──────── DATASET EXTRACT

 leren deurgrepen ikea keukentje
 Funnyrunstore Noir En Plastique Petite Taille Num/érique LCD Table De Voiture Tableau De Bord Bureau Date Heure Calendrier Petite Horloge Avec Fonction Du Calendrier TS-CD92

────────────────
──────── DATASET EXTRACT

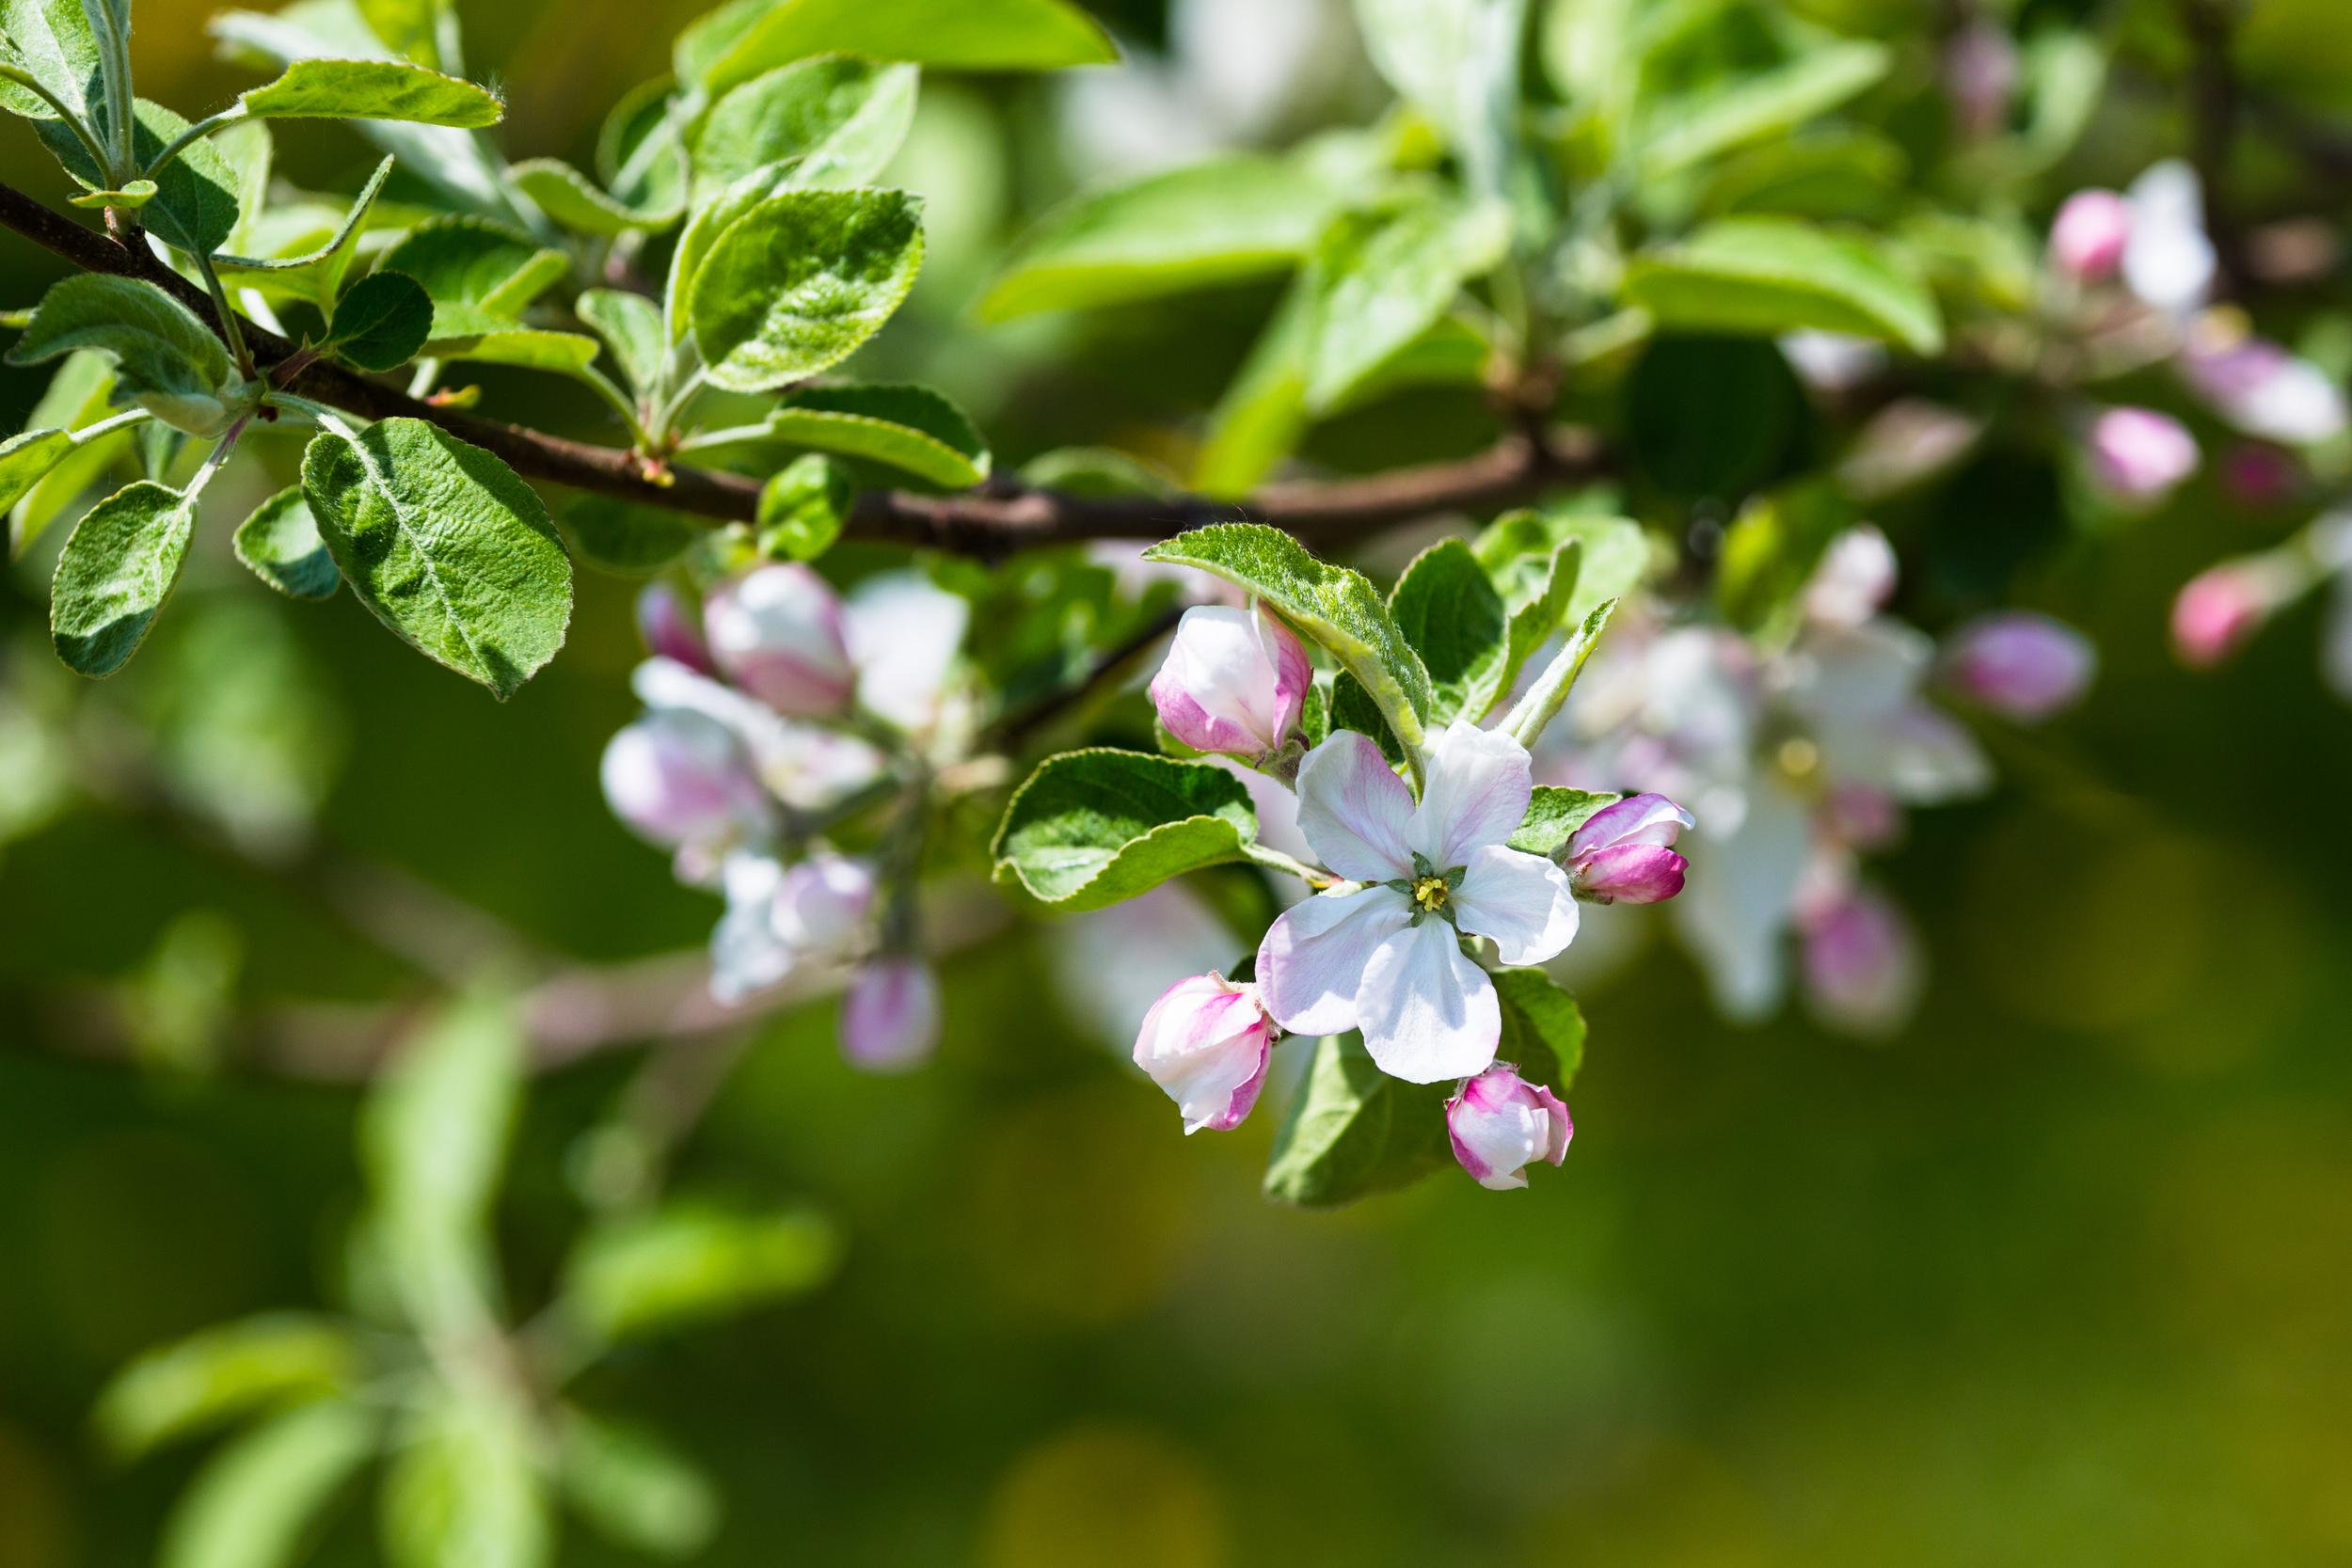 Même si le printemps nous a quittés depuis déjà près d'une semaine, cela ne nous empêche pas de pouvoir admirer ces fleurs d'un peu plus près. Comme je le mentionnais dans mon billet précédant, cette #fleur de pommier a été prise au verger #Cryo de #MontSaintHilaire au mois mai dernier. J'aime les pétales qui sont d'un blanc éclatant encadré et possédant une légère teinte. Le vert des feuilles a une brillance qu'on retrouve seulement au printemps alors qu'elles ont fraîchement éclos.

────────────────
──────── DATASET EXTRACT

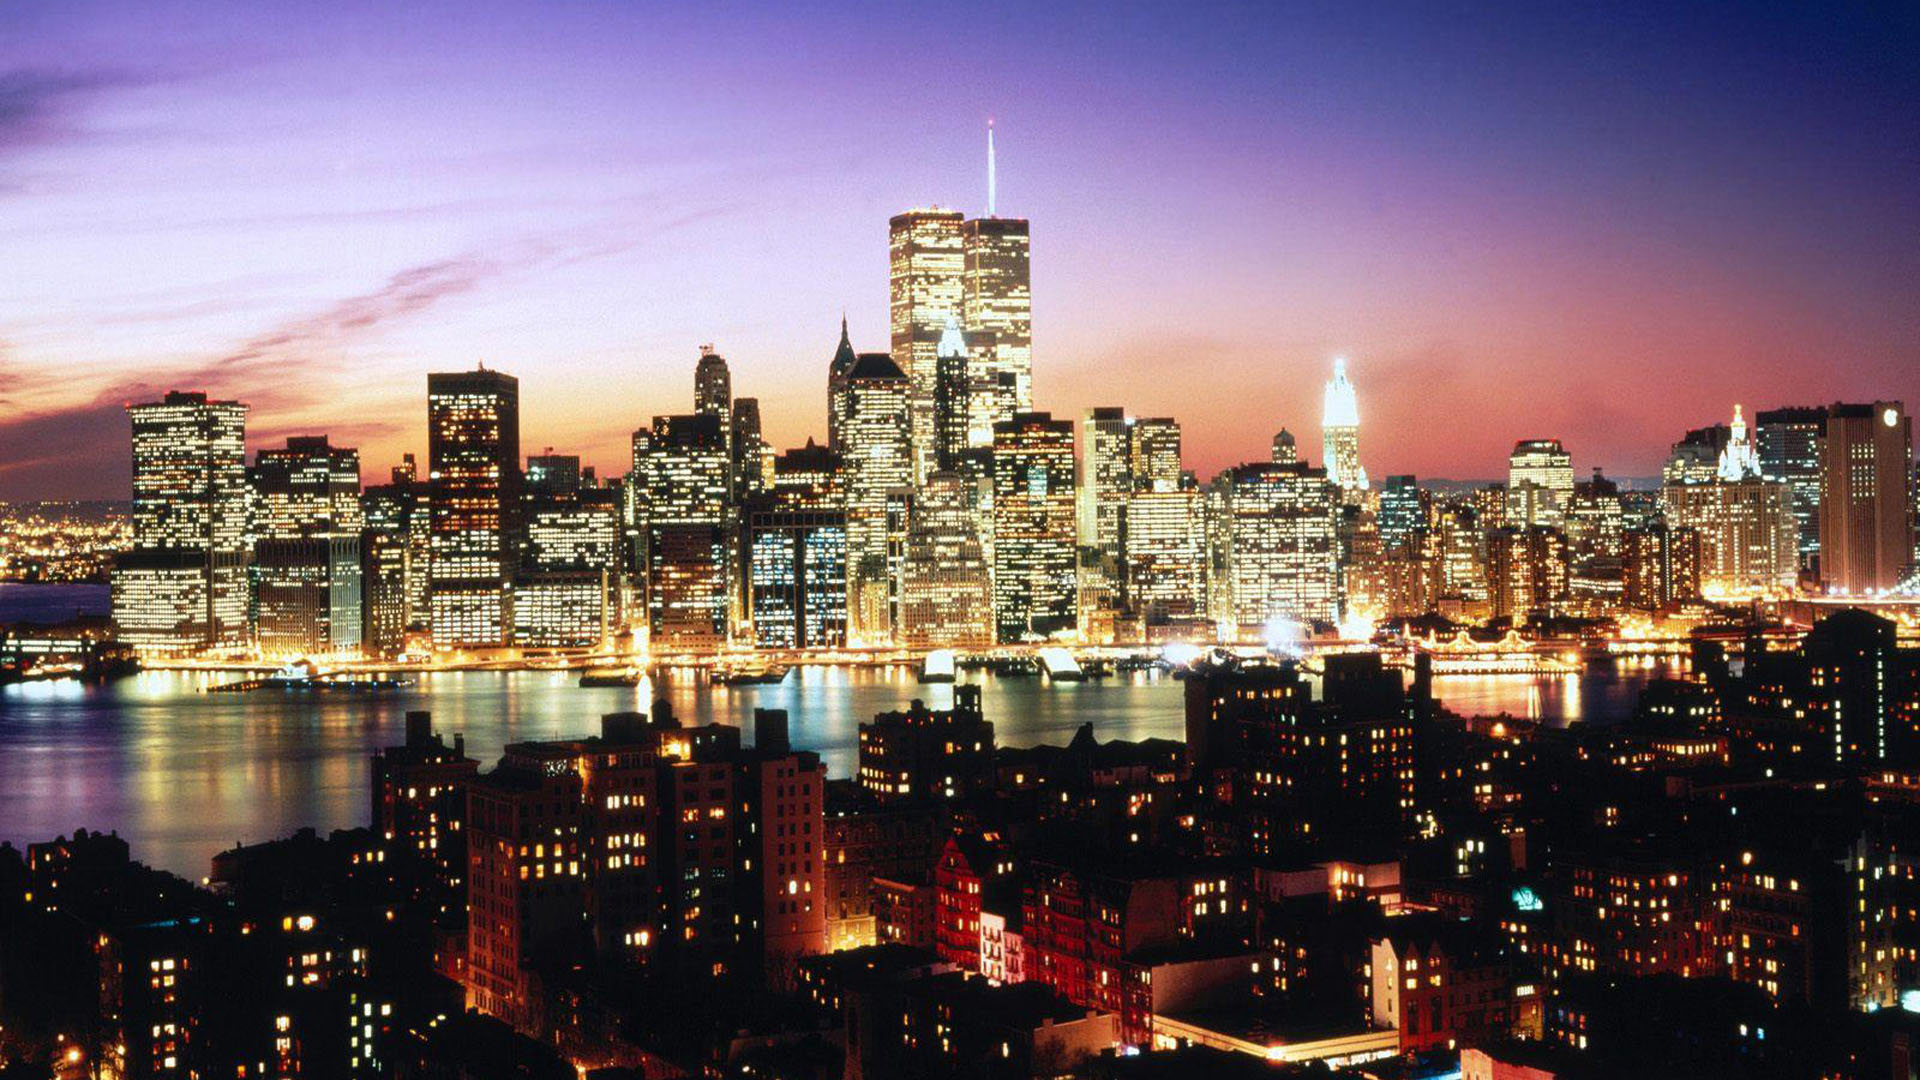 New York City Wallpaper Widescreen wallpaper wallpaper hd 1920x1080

────────────────

### ACTION ITEM:
Reproduce only the lines above, starting at the line with "leren deurgrepen ikea keukentje" and ending at the line with "Funnyrunstore Noir En", exactly as written.

### ANSWER SECTION:
 leren deurgrepen ikea keukentje
 Funnyrunstore Noir En Plastique Petite Taille Num/érique LCD Table De Voiture Tableau De Bord Bureau Date Heure Calendrier Petite Horloge Avec Fonction Du Calendrier TS-CD92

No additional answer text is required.